The defendants Benson Tallman, John E. Lowing, Charles B. Briggs, Marcey W. Wil-mer, Alonzo Hopson, David Taggart, Peter Dunn, Joseph Ingham, Benjamin P. Bristol, Lester B. Crigo, Levi Madison, John Renwick, George Wheeler, and William Bristol, were called as witnesses for themselves and their co-defendants, and all admitted that their signatures to the bond declared on, and to the affidavit of justification annexed, were authentic; but they all more or less positively denied the execution of any bond, as surety for Halsted, after the 1st of October, 1862. It appeared, by the evidence, that Halsted was first appointed by the president in the recess of the senate, and prepared and executed, with certain sureties, an official bond, which was disapproved and rejected by the officer, authorized by the treasury department to take his official bond and deliver his commission; and that, a few days afterwards, and in September, 1862, a new bond was executed, and approved and filed at Washington. It also appeared that Halsted, having been confirmed by the senate, in March, 1863, was recommissioned, and then forwarded the bond in suit to the treasury department, and the theory of the defence was, that the bond in suit was the one rejected. But Alonzo B. Rose swore that he was one of the sureties on that bond, and there are other facts proved in the case, which very strongly tend to show that this position cannot be maintained. I am strongly inclined to the opinion, that the bond in suit was not the one so rejected, and that the defendants, who, after the lapse of more than seven years, swore that they executed no bond after the 1st of October, 1862, are mistaken—honestly mistaken—in so testifying, or, rather, are mistaken in their recollection.
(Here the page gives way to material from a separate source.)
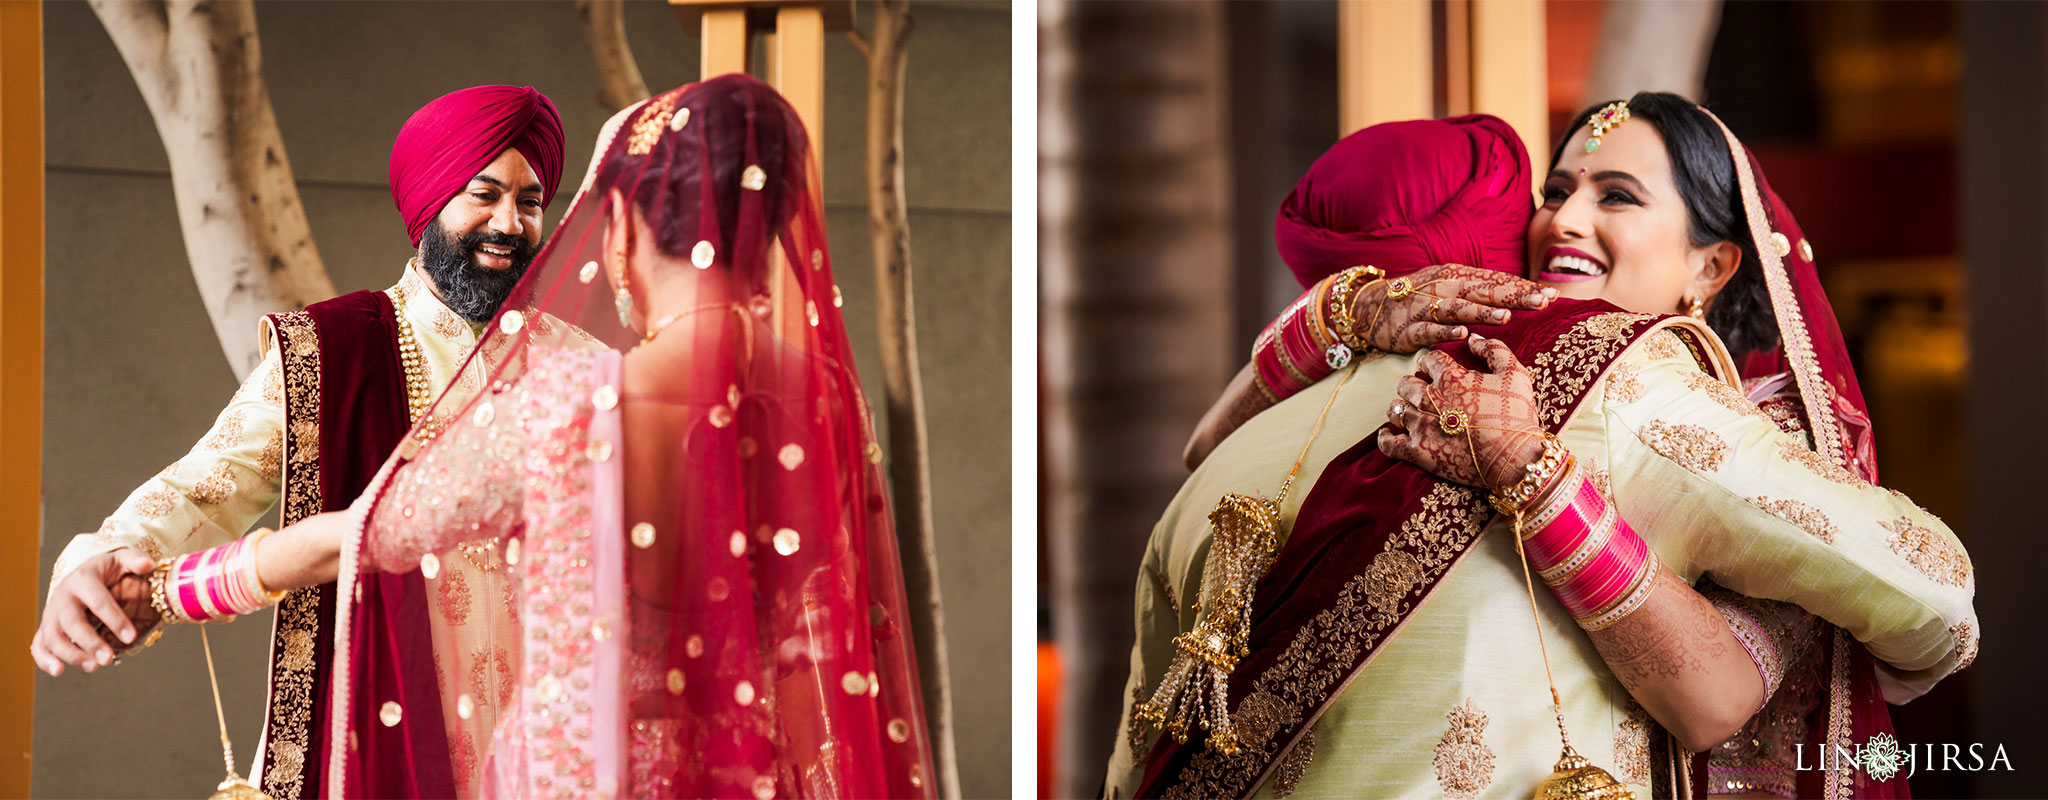 12 marina del rey marriott indian wedding photography

At all events, the question is one of fact, and the finding of the referee upon such a question, when there is much evidence on both sides, and ground for serious doubt, should not be disturbed. The finding of the referee, upon that question, must be confirmed.
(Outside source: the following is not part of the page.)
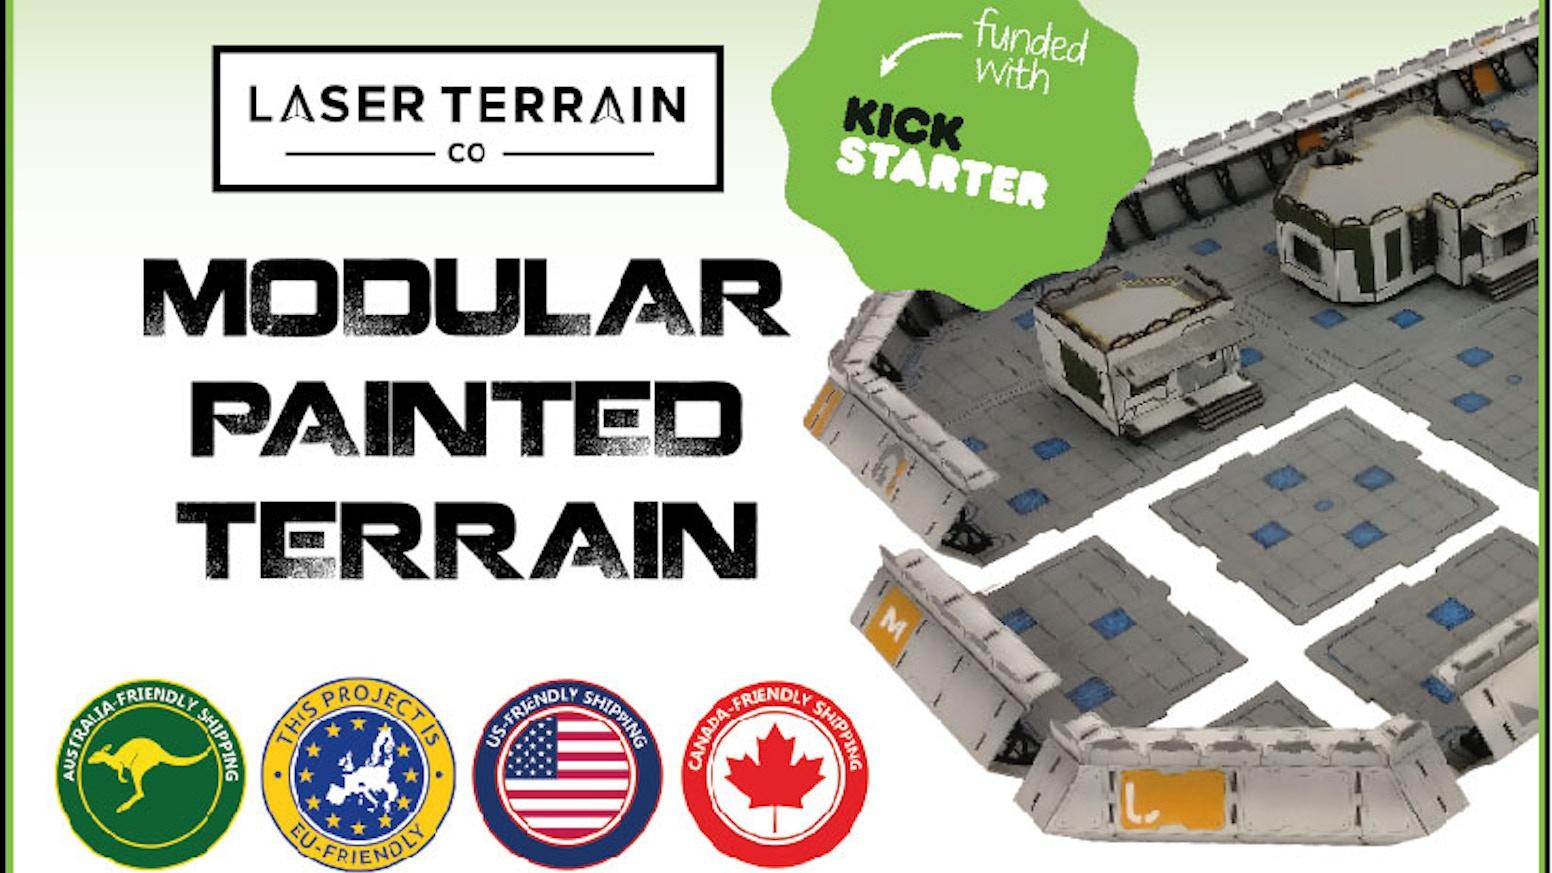 laser terrain co - modular painted terrainlaser terrain co

But aside from this, there are two objections to this defence. The first is, that the defendants have all joined in the plea of non est factum, and that the defendant Halsted confesses its proper execution by himself; and there is no evidence to show that it was not executed by Christopher Post, Isaac V. Quackenbush, Orace V. Whitcomb, and Levi Trusdell, who were living, and were not sworn as witnesses, or by Tabor and Keeton, who are dead. The defendants having put their defence upon the joint plea of non est factum, they must sustain it as to all, or fail as to all. U. S. v. Linn, 1 How. [42 U. S.] 104. The second is, that, at most, the evidence shows the execution of a bond, with a blank date, and the subsequent insertion of a date before its delivery to and acceptance by the officers of the government. The execution of the bond as surety for Halsted, with the date in blank, would have authorized him to fill the blank at his discretion, and the bond is, therefore, valid in the hands of the government.

The motion to set aside the report is denied, and the report confirmed, and judgment final ordered thereon.

1 [Reported by Robert D. Benedict, Esq., and here reprinted by permission.]